Conversely, non-linear methods such as Random Forests or non-linear SVM and the linear methods PLS-DA and linear SVM are usually associated to method-specific metrics which makes it difficult to compare features between methods. For Random Forests, the Mean Decrease Impurity (MDI) is usually the default metric for variable importance [40]. It is computed as a mean of the individual trees’ improvement in the splitting criterion produced by each variable. For PLS-DA, the Variable Importance for the Projection (VIP) score is often used. The VIP score is computed by summing the contributions VIN (variable influence) over all model dimensions. For a given PLS dimension a, (VIN)ak2 is a function of the squared PLS weight wak2 [41].
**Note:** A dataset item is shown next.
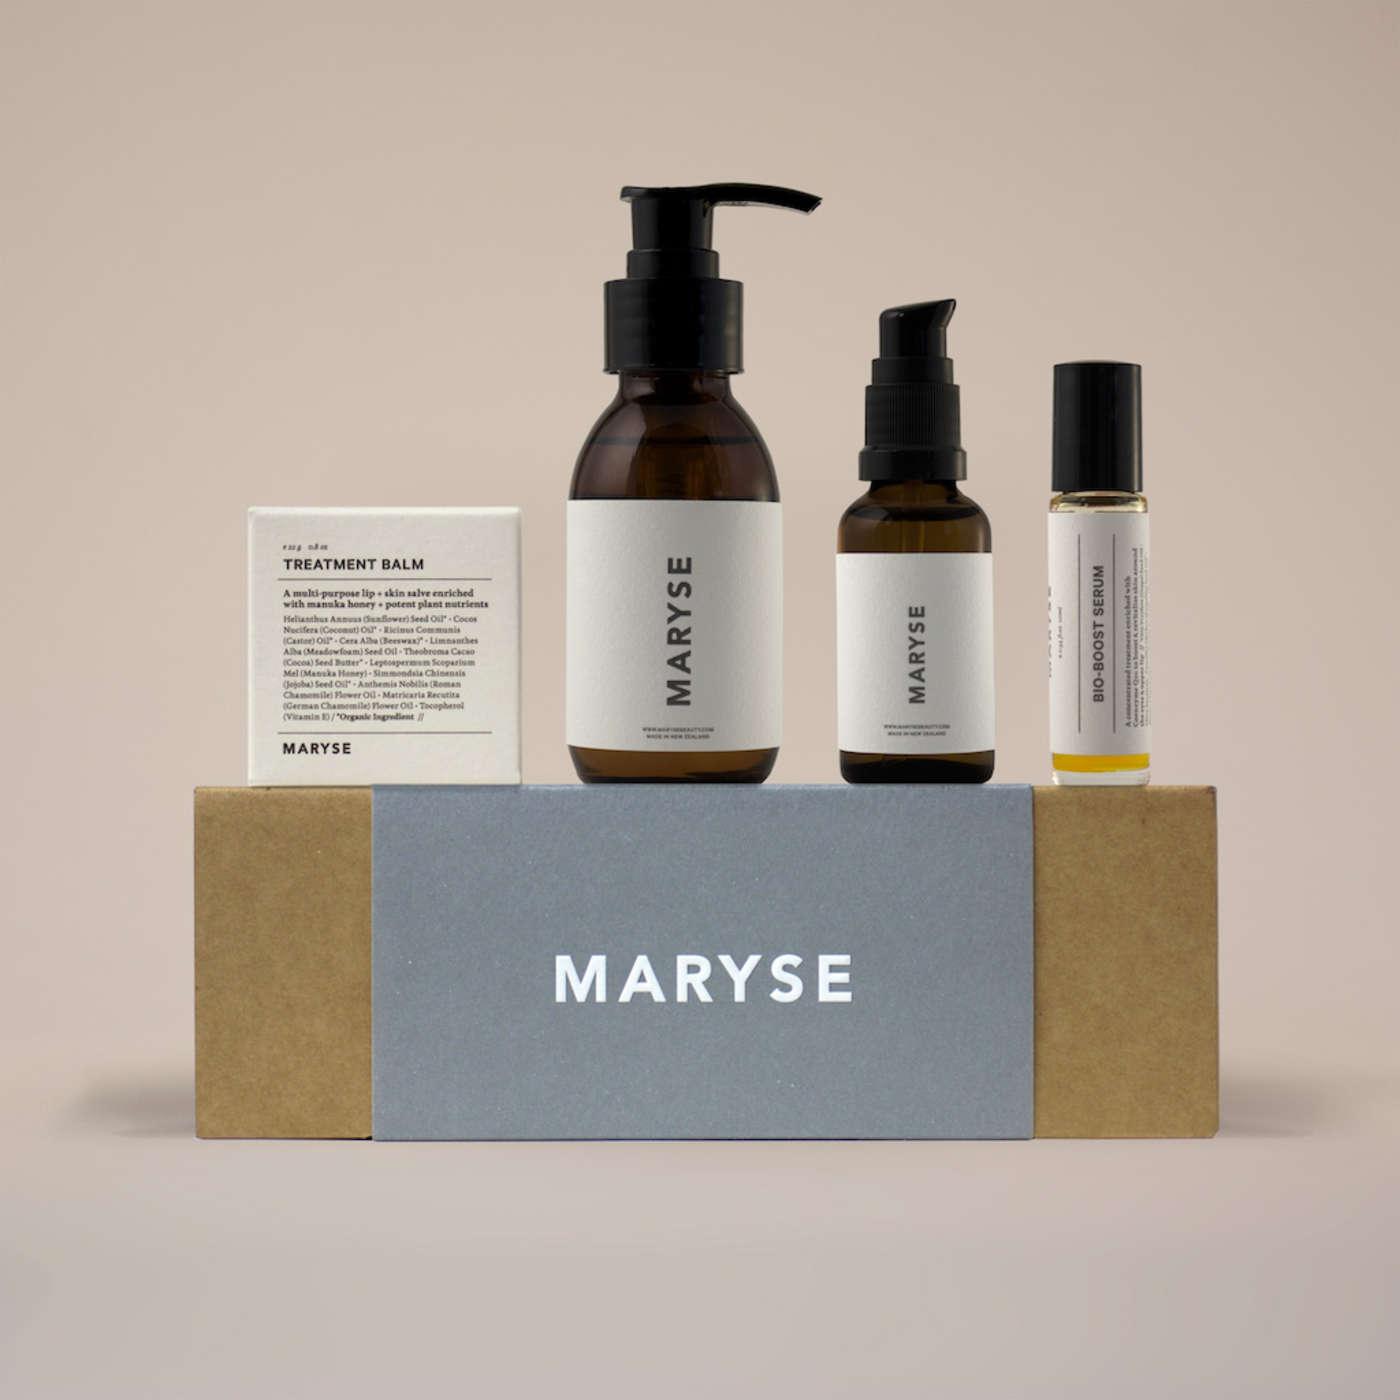 MARYSE Beauty Skincare

While these metrics offer some insight into the importance of each metabolite in the model these are indirect metrics whereas the weights provided with PD-CR represent the direct quantitative measure of the importance of each feature in the model, very close to regression parameters and can thus directly be used to classify a new sample.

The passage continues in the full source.